Separate from the test sweep. Where the test sweep verifies upstream Linux compat behavior against case specs, the grounding sweep verifies the specs themselves against upstream behavior — making sure the Steps and Expected fields haven't bit-rotted past what the shipped build actually does. Run on every upstream CLAUDE_DESKTOP_VERSION bump.

Static pass

For each file under cases/, confirm every test's **Code anchors:** field still resolves and the Steps/Expected match behavior. The convention is documented in cases/README.md — anchors are either upstream code (build-reference/app-extracted/.vite/build/), wrapper scripts (scripts/), v7 walker inventory, or out-of-scope (CLI binary, server-rendered SPA).

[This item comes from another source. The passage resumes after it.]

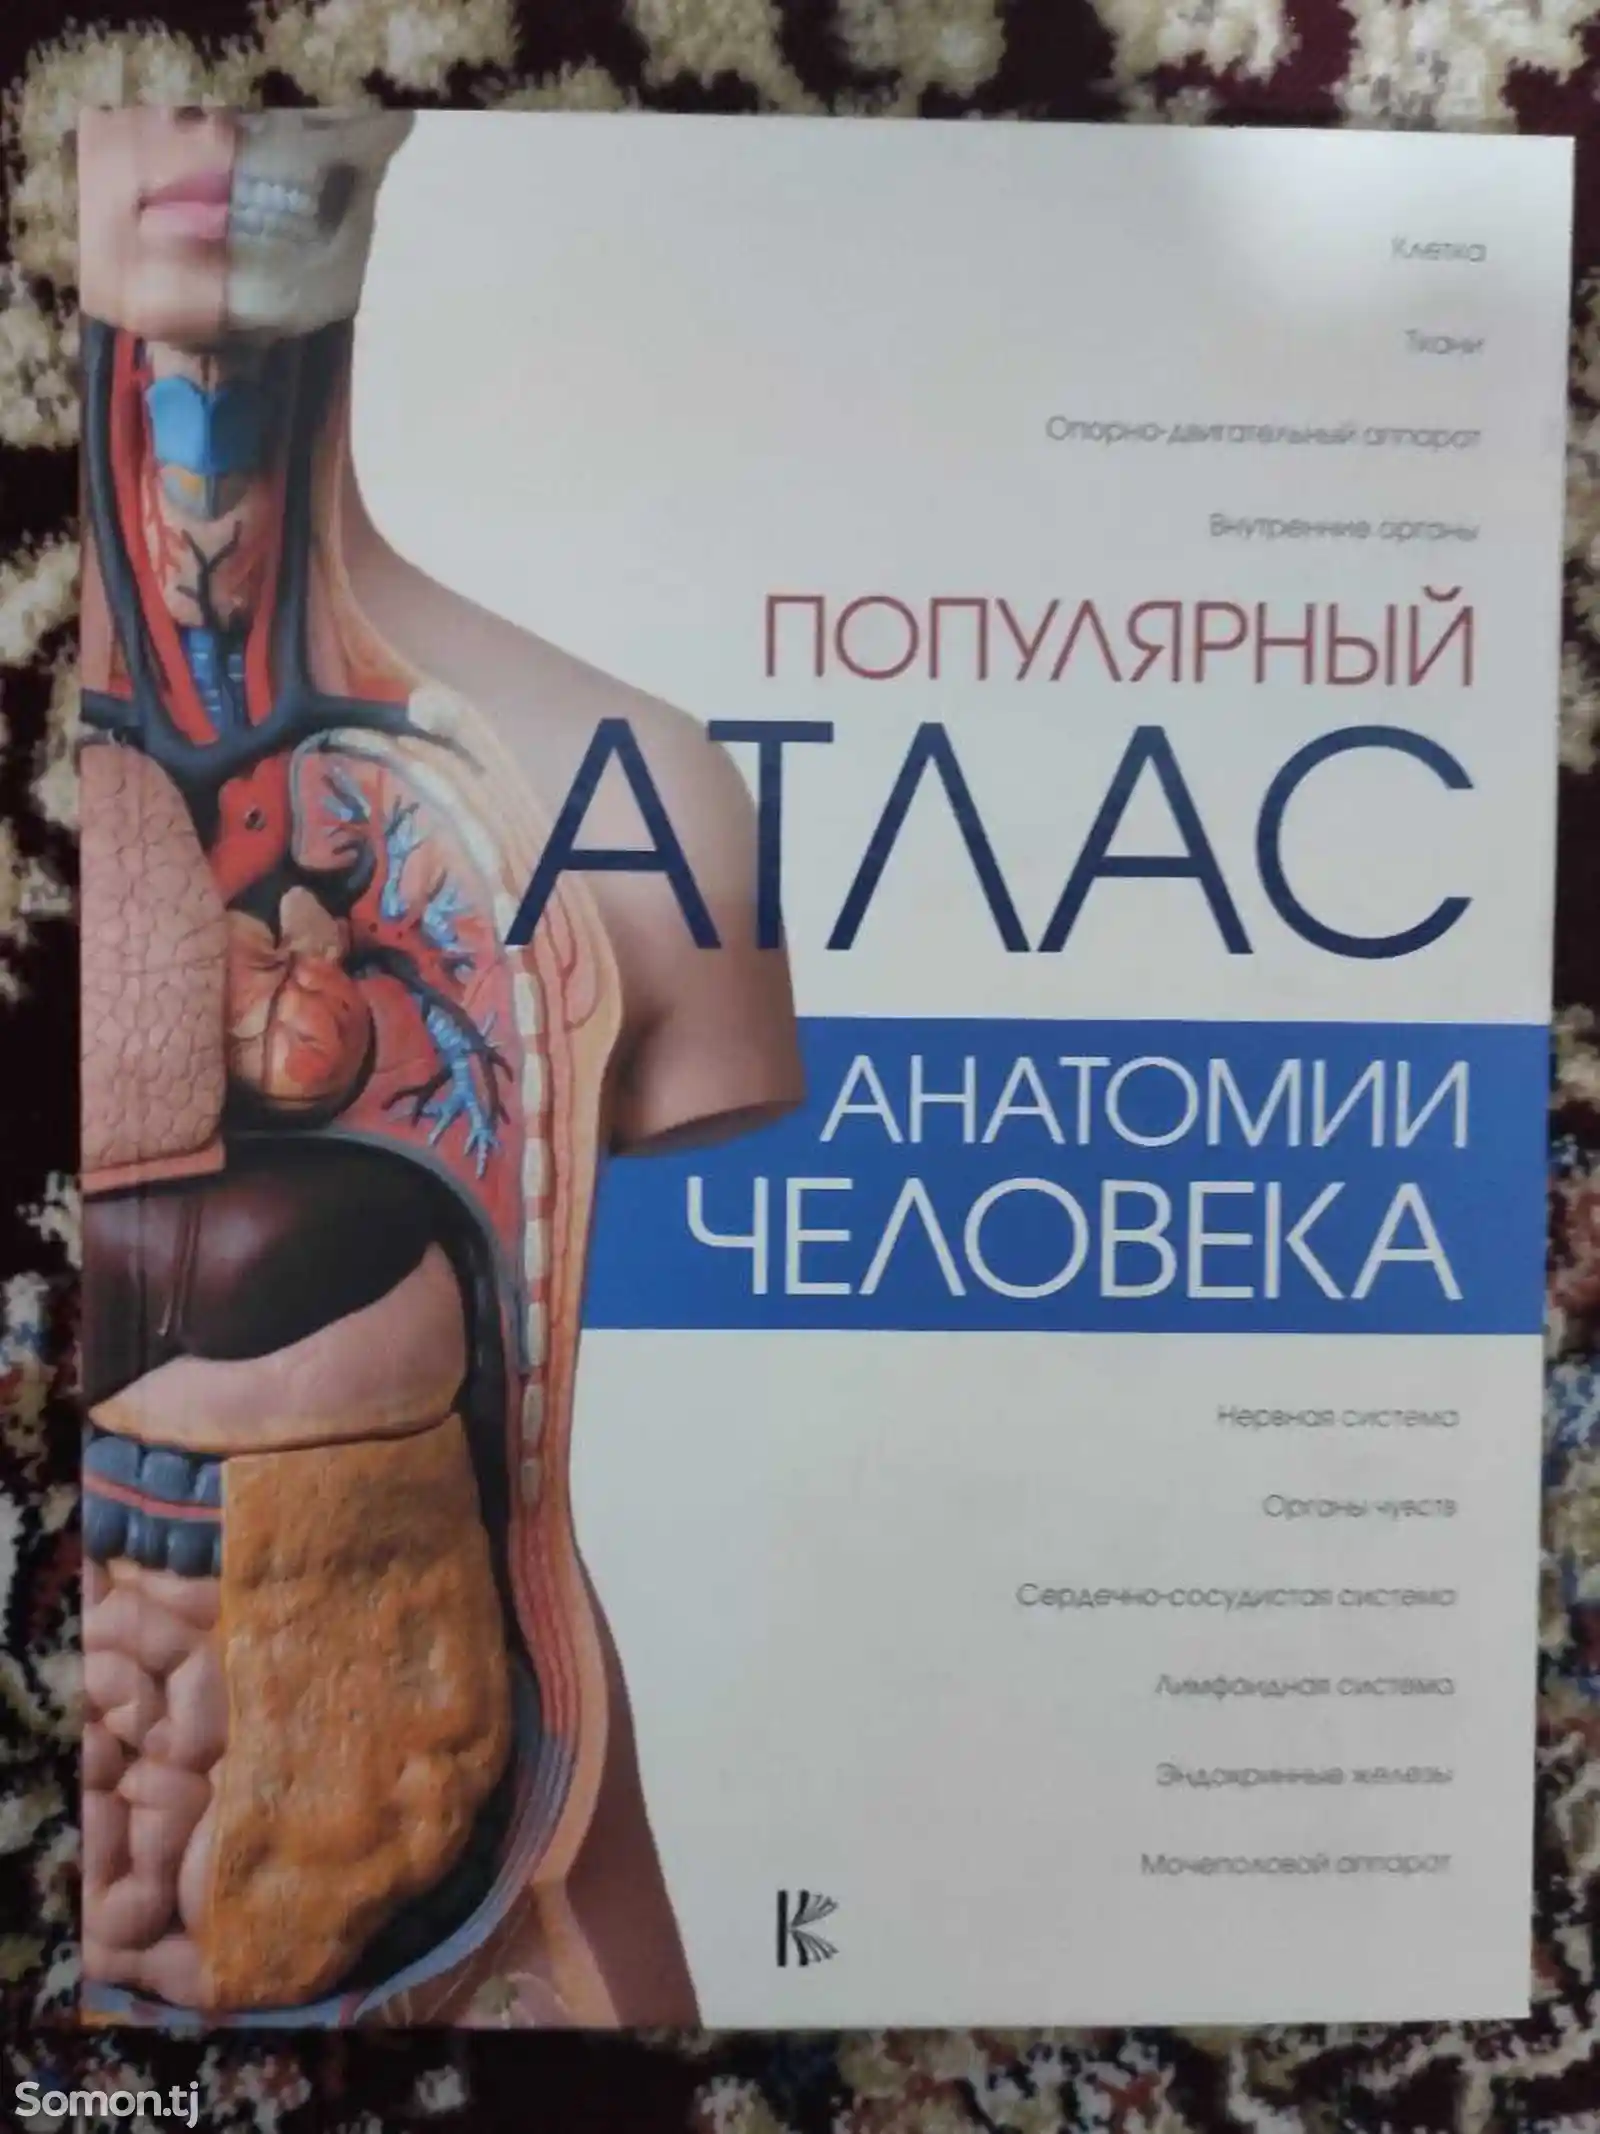 Книга Атлас Анатомия человека-1

When a test drifts, edit Steps/Expected in place. When a feature is gone from the build, prepend > **⚠ Missing in build X.Y.Z** — <note>. Re-verify after next upstream bump. under the test heading.

Runtime pass

Run tools/test-harness/grounding-probe.ts against the live build:

cd tools/test-harness
npm run grounding-probe -- --launch --include-synthetic \
  --out ../../docs/testing/cases-grounding-runtime.json

Captures runtime state for tests where static greps can't disambiguate (IPC handler registry, globalShortcut.isRegistered() for known accelerators, app.getLoginItemSettings(), safeStorage, autoUpdater.getFeedURL(), SNI tray registration, AX-tree fingerprint of whatever's on screen). Output is keyed by test ID — diff against the previous version's capture to spot drift the static pass missed.

Surfaces inside modals or popups (T22 PR toolbar, T26 preset list, T31 side chat, T32 slash menu) need the surface open at probe time. Open the relevant view in the running app before re-running with --port 9229 (attach mode).